朝ご飯を食べ終えて、五河家の皆はそれぞれ学校へ出かける準備を始めた。




士道「上条、今日って数学のプリント提出日だったよな?」

上条「…………え?」

士道「最後の問題だけ全然分からなかったから後で見せt……って、お前、まさか」

上条「……よし、学校に行く準備はオッケーっと」

士道「あからさまにプリントを机の上に置いてんじゃねぇ!!しかも真っ白じゃねぇか!!!」





琴里「……ねぇ涙子。香水変えた?」

佐天「お、そこに気がつくとは流石ラタトスク総司令官様だね!この前セールしてたから買ったんだ」

琴里「その言い方はムカつくけど、いい香りね」

佐天「あ、琴里もつけます?士道さんをおとせるかもよ?」

琴里「ばっ……かじゃないの!?何でここで士道が出てくるのよ!?関係ないでしょ!それに私たちは兄妹だから……!」

佐天「でも義理なんでしょ?」

琴里「ああもう!!」





一方「……うるせェ連中だな。朝くらい静かにしろよ」

或守「……朝は静かなのが普通なのでしょうか」

一方「ンなの人の好みだろ」

或守「好み……それは愛と関係があr―――」

一方「ねェに決まってるだろォが」






……そんなこんなで五河家の朝は穏やかに(?)過ぎていった。



――――
―――
――




一方通行以外の五人は留守番を彼に任せて家を出た。

扉の先にはいつもの面々が揃っていた。

十香、四糸乃、耶倶矢、夕弦。騒がしい二人とおしとやかの二人というバランスのとれた(?)メンバーである。

十香「おはようなのだ!」

士道「十香おはよう。四糸乃も耶倶矢も夕弦も」

士道が十香の挨拶に手を上げて答えた。その元気な声に少し安心する。

なんせこの世界に来て『一日目』なのだ。いつもと変わらない生活が送れるとはいえ不安は少なからずあっただろう。十香の笑顔はそんな士道の心配をすっ飛ばしてくれた。

上条「四糸乃も学校に行くのか?」

と、上条が四糸乃に問いかける。確かにそうだ。いつもは一方通行と一緒に家でくつろいでいるのに今日は十香達と一緒にいるはずなのに……

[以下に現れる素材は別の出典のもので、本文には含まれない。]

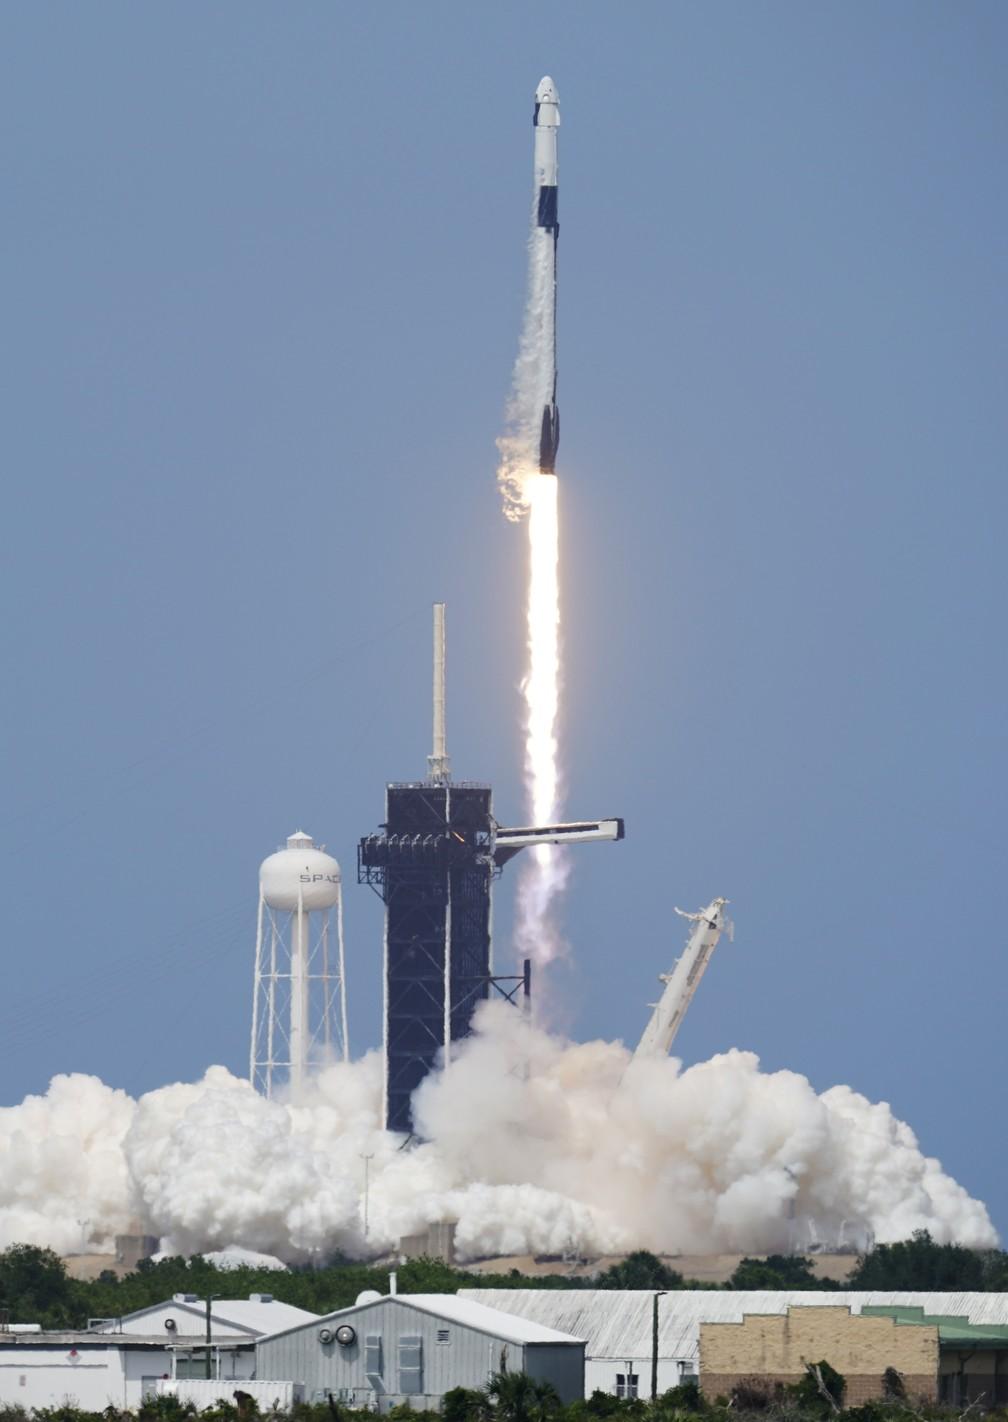 Foguete da SpaceX decola da base do Cabo Canaveral, nos EUA — Foto: David J. Philip/AP Photo
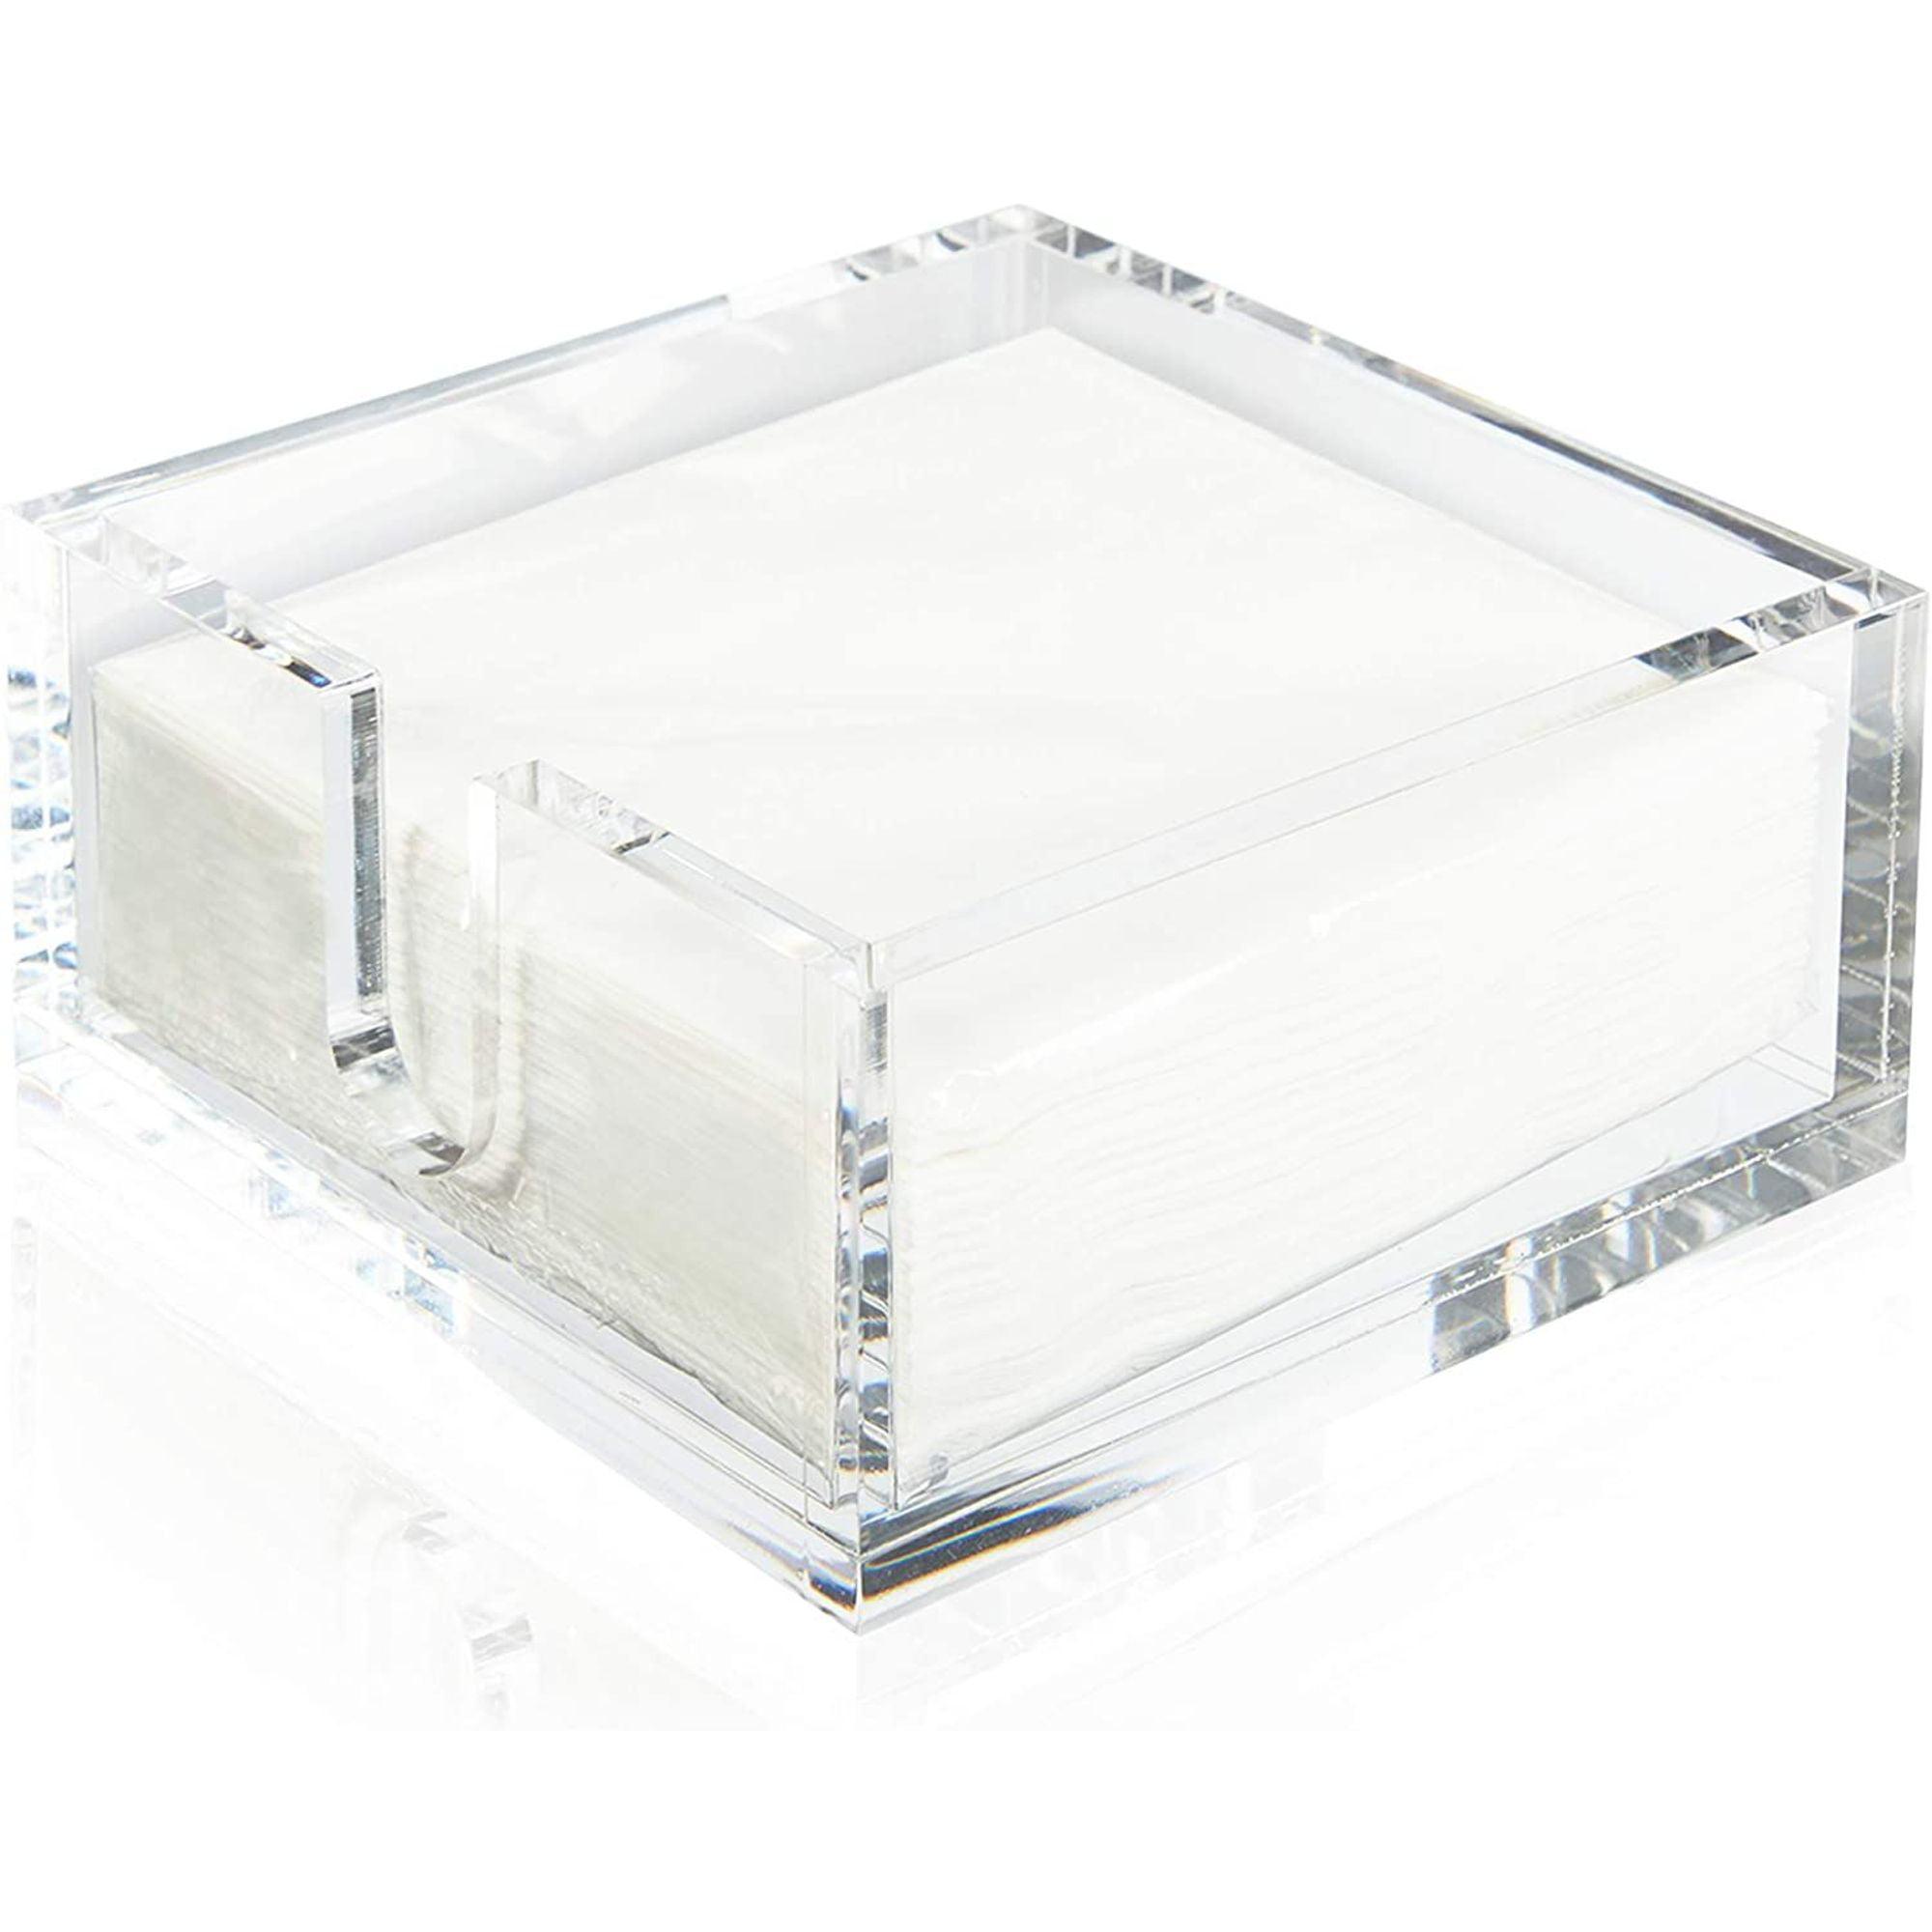 Clear Acrylic Flat Napkin Holder For Kitchen With 50 White Napkin Set 5 8 X5 8 X2 6 Walmart Com Walmart Com

その質問に、四糸乃の右手にいるよしのんが得意げに答えた。

よしのん『四糸乃はね、先生になったんだよ!』

佐天「先生ですか!?」

士道「そっか。四糸乃はそういう設定なのか」

よしのん『そう!士道君をびしばし教えるから覚悟してね―!』

士道「教えるなら上条の方が……」

上条「上条さんは四糸乃の教えがなくても大丈夫ですよ?」

士道「どの口がいってんだか……」

と士道は朝のやりとりを思い出しながらつぶやいた。

耶倶矢「ほう、世界の創始者とあろう御方が我らの領域に踏み入れるとは……我の暗黒眼(ダークアイ)が貴様を捉えるぞ……?」

夕弦「要約。どうしてあなたが学校に行くのですか?」

耶倶矢は……いつも通りとして、夕弦は或守が一緒にいることに驚きを隠せないようだ。

琴里「愛を知るために、士道近くで観察するためによね。士道のクラスに転校してくるんでしょ?私と涙子も飛び級で士道の学校の三組に転校するし」

或守「はい。勝手だとは分かってはいますが……」

上条「(それ言い出したら俺たちを仮想世界に閉じ込めた時点で勝手だよな……)」

思わずツッコミそうになったが、何とか押しとどまった。変な顔になってしまったが。

夕弦「……不安。何をしているのですか?」

上条「……喜怒哀楽がわかりにくい女の子が割と大真面目に上条さんのことを心配してるのやめてくれます!?俺が変人みたいになるだろッ!?」

それを、しっかりと夕弦に見られていたが。結構がっつり心配されたが。

しばらくして狂三、美九、折紙とも合流した。

士道達は琴里や佐天と高校に向かうことに違和感を覚えながらも自分の学校へと向かった。


――――
―――
――



或守や狂三が士道達と一緒のクラスになったこともあり、一組の机の数が少々増えていたが他は何も変わらない、いつものクラスだった。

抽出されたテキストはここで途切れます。